▸ **Task directions**
Please repeat each of the records that follow, exactly as written.
─── Data to examine
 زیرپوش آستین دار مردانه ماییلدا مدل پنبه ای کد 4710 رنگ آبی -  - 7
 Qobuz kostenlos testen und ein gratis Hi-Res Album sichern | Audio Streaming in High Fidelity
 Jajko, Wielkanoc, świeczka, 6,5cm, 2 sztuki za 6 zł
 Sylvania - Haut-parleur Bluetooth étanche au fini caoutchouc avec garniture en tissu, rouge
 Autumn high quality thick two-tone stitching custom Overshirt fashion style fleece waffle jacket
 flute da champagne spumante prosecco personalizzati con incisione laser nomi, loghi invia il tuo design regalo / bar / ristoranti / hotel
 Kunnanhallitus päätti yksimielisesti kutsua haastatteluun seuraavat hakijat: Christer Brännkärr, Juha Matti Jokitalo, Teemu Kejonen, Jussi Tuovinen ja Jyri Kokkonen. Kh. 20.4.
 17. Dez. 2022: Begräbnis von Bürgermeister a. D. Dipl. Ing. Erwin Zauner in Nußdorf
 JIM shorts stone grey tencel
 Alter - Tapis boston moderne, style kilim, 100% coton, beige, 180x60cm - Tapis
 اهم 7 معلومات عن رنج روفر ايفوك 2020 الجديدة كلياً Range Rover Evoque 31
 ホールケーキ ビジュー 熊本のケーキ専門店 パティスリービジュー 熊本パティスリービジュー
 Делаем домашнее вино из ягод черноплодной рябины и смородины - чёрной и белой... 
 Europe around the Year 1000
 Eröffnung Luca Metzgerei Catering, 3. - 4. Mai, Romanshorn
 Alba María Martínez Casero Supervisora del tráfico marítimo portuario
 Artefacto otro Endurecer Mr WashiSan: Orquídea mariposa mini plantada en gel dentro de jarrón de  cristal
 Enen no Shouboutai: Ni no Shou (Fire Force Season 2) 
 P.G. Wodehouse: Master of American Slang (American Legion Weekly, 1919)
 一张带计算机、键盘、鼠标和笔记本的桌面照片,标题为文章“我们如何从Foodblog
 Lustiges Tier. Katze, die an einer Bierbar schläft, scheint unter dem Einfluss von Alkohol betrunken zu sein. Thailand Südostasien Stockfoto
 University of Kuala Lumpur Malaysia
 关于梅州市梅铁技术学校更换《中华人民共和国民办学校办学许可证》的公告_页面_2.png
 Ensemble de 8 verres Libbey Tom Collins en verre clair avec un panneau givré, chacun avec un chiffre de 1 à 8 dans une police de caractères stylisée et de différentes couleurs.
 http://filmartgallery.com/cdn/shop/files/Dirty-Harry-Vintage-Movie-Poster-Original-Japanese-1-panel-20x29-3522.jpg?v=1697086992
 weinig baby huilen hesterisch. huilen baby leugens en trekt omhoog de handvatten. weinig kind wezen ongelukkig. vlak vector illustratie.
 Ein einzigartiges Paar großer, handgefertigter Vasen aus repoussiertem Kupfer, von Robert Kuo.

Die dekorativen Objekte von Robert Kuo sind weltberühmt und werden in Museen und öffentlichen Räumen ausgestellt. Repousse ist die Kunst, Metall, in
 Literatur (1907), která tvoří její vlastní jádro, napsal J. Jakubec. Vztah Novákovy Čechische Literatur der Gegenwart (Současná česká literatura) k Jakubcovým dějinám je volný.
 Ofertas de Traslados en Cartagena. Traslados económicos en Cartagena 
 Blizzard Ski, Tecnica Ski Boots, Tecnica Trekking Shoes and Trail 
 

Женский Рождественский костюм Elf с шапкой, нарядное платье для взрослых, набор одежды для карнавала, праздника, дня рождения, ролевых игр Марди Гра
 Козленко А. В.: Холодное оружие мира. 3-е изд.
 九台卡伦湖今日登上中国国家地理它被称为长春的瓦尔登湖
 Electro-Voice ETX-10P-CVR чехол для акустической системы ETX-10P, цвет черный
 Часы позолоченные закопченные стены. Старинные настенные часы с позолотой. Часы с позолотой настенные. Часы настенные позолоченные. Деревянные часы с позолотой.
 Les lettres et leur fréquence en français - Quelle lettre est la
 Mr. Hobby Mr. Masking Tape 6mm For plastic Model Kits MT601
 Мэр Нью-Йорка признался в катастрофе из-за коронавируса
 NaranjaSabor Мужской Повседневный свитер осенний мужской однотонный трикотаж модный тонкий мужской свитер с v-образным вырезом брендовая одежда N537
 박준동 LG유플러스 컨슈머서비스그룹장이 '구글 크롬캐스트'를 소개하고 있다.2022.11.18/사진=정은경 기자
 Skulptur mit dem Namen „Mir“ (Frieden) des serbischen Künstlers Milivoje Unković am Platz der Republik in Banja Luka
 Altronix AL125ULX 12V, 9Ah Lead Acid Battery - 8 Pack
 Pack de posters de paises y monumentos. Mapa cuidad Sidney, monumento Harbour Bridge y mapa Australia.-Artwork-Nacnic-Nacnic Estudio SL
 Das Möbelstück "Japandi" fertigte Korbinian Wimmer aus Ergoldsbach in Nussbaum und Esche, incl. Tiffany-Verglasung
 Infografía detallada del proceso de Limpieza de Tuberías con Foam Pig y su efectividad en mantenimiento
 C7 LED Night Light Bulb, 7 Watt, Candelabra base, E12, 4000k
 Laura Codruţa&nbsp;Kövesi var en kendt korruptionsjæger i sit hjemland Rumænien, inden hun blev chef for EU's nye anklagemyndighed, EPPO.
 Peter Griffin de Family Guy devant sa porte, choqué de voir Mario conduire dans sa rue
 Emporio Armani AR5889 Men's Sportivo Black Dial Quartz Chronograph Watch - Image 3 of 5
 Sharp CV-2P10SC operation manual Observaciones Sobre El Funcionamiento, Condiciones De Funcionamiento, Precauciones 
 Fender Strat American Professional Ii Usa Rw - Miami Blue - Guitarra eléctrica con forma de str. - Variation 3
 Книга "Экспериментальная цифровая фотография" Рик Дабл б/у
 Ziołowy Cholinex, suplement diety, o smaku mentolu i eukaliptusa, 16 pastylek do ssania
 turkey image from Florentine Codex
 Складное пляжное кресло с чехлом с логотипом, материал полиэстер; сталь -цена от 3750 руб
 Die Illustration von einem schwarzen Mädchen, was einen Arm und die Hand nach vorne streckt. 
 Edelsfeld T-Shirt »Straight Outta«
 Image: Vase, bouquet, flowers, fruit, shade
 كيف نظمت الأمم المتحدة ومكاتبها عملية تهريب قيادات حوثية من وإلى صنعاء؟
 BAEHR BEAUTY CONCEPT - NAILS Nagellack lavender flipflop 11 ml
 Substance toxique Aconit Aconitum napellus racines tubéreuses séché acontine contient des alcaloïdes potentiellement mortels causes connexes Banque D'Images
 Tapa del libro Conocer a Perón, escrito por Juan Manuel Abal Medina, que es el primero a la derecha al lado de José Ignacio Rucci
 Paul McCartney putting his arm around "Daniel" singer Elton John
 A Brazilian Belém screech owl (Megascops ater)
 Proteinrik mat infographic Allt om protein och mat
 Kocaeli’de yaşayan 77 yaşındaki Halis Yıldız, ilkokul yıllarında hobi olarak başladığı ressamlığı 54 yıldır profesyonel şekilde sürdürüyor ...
──────
▸ **Result of the task**
 زیرپوش آستین دار مردانه ماییلدا مدل پنبه ای کد 4710 رنگ آبی -  - 7
 Qobuz kostenlos testen und ein gratis Hi-Res Album sichern | Audio Streaming in High Fidelity
 Jajko, Wielkanoc, świeczka, 6,5cm, 2 sztuki za 6 zł
 Sylvania - Haut-parleur Bluetooth étanche au fini caoutchouc avec garniture en tissu, rouge
 Autumn high quality thick two-tone stitching custom Overshirt fashion style fleece waffle jacket
 flute da champagne spumante prosecco personalizzati con incisione laser nomi, loghi invia il tuo design regalo / bar / ristoranti / hotel
 Kunnanhallitus päätti yksimielisesti kutsua haastatteluun seuraavat hakijat: Christer Brännkärr, Juha Matti Jokitalo, Teemu Kejonen, Jussi Tuovinen ja Jyri Kokkonen. Kh. 20.4.
 17. Dez. 2022: Begräbnis von Bürgermeister a. D. Dipl. Ing. Erwin Zauner in Nußdorf
 JIM shorts stone grey tencel
 Alter - Tapis boston moderne, style kilim, 100% coton, beige, 180x60cm - Tapis
 اهم 7 معلومات عن رنج روفر ايفوك 2020 الجديدة كلياً Range Rover Evoque 31
 ホールケーキ ビジュー 熊本のケーキ専門店 パティスリービジュー 熊本パティスリービジュー
 Делаем домашнее вино из ягод черноплодной рябины и смородины - чёрной и белой... 
 Europe around the Year 1000
 Eröffnung Luca Metzgerei Catering, 3. - 4. Mai, Romanshorn
 Alba María Martínez Casero Supervisora del tráfico marítimo portuario
 Artefacto otro Endurecer Mr WashiSan: Orquídea mariposa mini plantada en gel dentro de jarrón de  cristal
 Enen no Shouboutai: Ni no Shou (Fire Force Season 2) 
 P.G. Wodehouse: Master of American Slang (American Legion Weekly, 1919)
 一张带计算机、键盘、鼠标和笔记本的桌面照片,标题为文章“我们如何从Foodblog
 Lustiges Tier. Katze, die an einer Bierbar schläft, scheint unter dem Einfluss von Alkohol betrunken zu sein. Thailand Südostasien Stockfoto
 University of Kuala Lumpur Malaysia
 关于梅州市梅铁技术学校更换《中华人民共和国民办学校办学许可证》的公告_页面_2.png
 Ensemble de 8 verres Libbey Tom Collins en verre clair avec un panneau givré, chacun avec un chiffre de 1 à 8 dans une police de caractères stylisée et de différentes couleurs.
 http://filmartgallery.com/cdn/shop/files/Dirty-Harry-Vintage-Movie-Poster-Original-Japanese-1-panel-20x29-3522.jpg?v=1697086992
 weinig baby huilen hesterisch. huilen baby leugens en trekt omhoog de handvatten. weinig kind wezen ongelukkig. vlak vector illustratie.
 Ein einzigartiges Paar großer, handgefertigter Vasen aus repoussiertem Kupfer, von Robert Kuo.

Die dekorativen Objekte von Robert Kuo sind weltberühmt und werden in Museen und öffentlichen Räumen ausgestellt. Repousse ist die Kunst, Metall, in
 Literatur (1907), která tvoří její vlastní jádro, napsal J. Jakubec. Vztah Novákovy Čechische Literatur der Gegenwart (Současná česká literatura) k Jakubcovým dějinám je volný.
 Ofertas de Traslados en Cartagena. Traslados económicos en Cartagena 
 Blizzard Ski, Tecnica Ski Boots, Tecnica Trekking Shoes and Trail 
 

Женский Рождественский костюм Elf с шапкой, нарядное платье для взрослых, набор одежды для карнавала, праздника, дня рождения, ролевых игр Марди Гра
 Козленко А. В.: Холодное оружие мира. 3-е изд.
 九台卡伦湖今日登上中国国家地理它被称为长春的瓦尔登湖
 Electro-Voice ETX-10P-CVR чехол для акустической системы ETX-10P, цвет черный
 Часы позолоченные закопченные стены. Старинные настенные часы с позолотой. Часы с позолотой настенные. Часы настенные позолоченные. Деревянные часы с позолотой.
 Les lettres et leur fréquence en français - Quelle lettre est la
 Mr. Hobby Mr. Masking Tape 6mm For plastic Model Kits MT601
 Мэр Нью-Йорка признался в катастрофе из-за коронавируса
 NaranjaSabor Мужской Повседневный свитер осенний мужской однотонный трикотаж модный тонкий мужской свитер с v-образным вырезом брендовая одежда N537
 박준동 LG유플러스 컨슈머서비스그룹장이 '구글 크롬캐스트'를 소개하고 있다.2022.11.18/사진=정은경 기자
 Skulptur mit dem Namen „Mir“ (Frieden) des serbischen Künstlers Milivoje Unković am Platz der Republik in Banja Luka
 Altronix AL125ULX 12V, 9Ah Lead Acid Battery - 8 Pack
 Pack de posters de paises y monumentos. Mapa cuidad Sidney, monumento Harbour Bridge y mapa Australia.-Artwork-Nacnic-Nacnic Estudio SL
 Das Möbelstück "Japandi" fertigte Korbinian Wimmer aus Ergoldsbach in Nussbaum und Esche, incl. Tiffany-Verglasung
 Infografía detallada del proceso de Limpieza de Tuberías con Foam Pig y su efectividad en mantenimiento
 C7 LED Night Light Bulb, 7 Watt, Candelabra base, E12, 4000k
 Laura Codruţa&nbsp;Kövesi var en kendt korruptionsjæger i sit hjemland Rumænien, inden hun blev chef for EU's nye anklagemyndighed, EPPO.
 Peter Griffin de Family Guy devant sa porte, choqué de voir Mario conduire dans sa rue
 Emporio Armani AR5889 Men's Sportivo Black Dial Quartz Chronograph Watch - Image 3 of 5
 Sharp CV-2P10SC operation manual Observaciones Sobre El Funcionamiento, Condiciones De Funcionamiento, Precauciones 
 Fender Strat American Professional Ii Usa Rw - Miami Blue - Guitarra eléctrica con forma de str. - Variation 3
 Книга "Экспериментальная цифровая фотография" Рик Дабл б/у
 Ziołowy Cholinex, suplement diety, o smaku mentolu i eukaliptusa, 16 pastylek do ssania
 turkey image from Florentine Codex
 Складное пляжное кресло с чехлом с логотипом, материал полиэстер; сталь -цена от 3750 руб
 Die Illustration von einem schwarzen Mädchen, was einen Arm und die Hand nach vorne streckt. 
 Edelsfeld T-Shirt »Straight Outta«
 Image: Vase, bouquet, flowers, fruit, shade
 كيف نظمت الأمم المتحدة ومكاتبها عملية تهريب قيادات حوثية من وإلى صنعاء؟
 BAEHR BEAUTY CONCEPT - NAILS Nagellack lavender flipflop 11 ml
 Substance toxique Aconit Aconitum napellus racines tubéreuses séché acontine contient des alcaloïdes potentiellement mortels causes connexes Banque D'Images
 Tapa del libro Conocer a Perón, escrito por Juan Manuel Abal Medina, que es el primero a la derecha al lado de José Ignacio Rucci
 Paul McCartney putting his arm around "Daniel" singer Elton John
 A Brazilian Belém screech owl (Megascops ater)
 Proteinrik mat infographic Allt om protein och mat
 Kocaeli’de yaşayan 77 yaşındaki Halis Yıldız, ilkokul yıllarında hobi olarak başladığı ressamlığı 54 yıldır profesyonel şekilde sürdürüyor ...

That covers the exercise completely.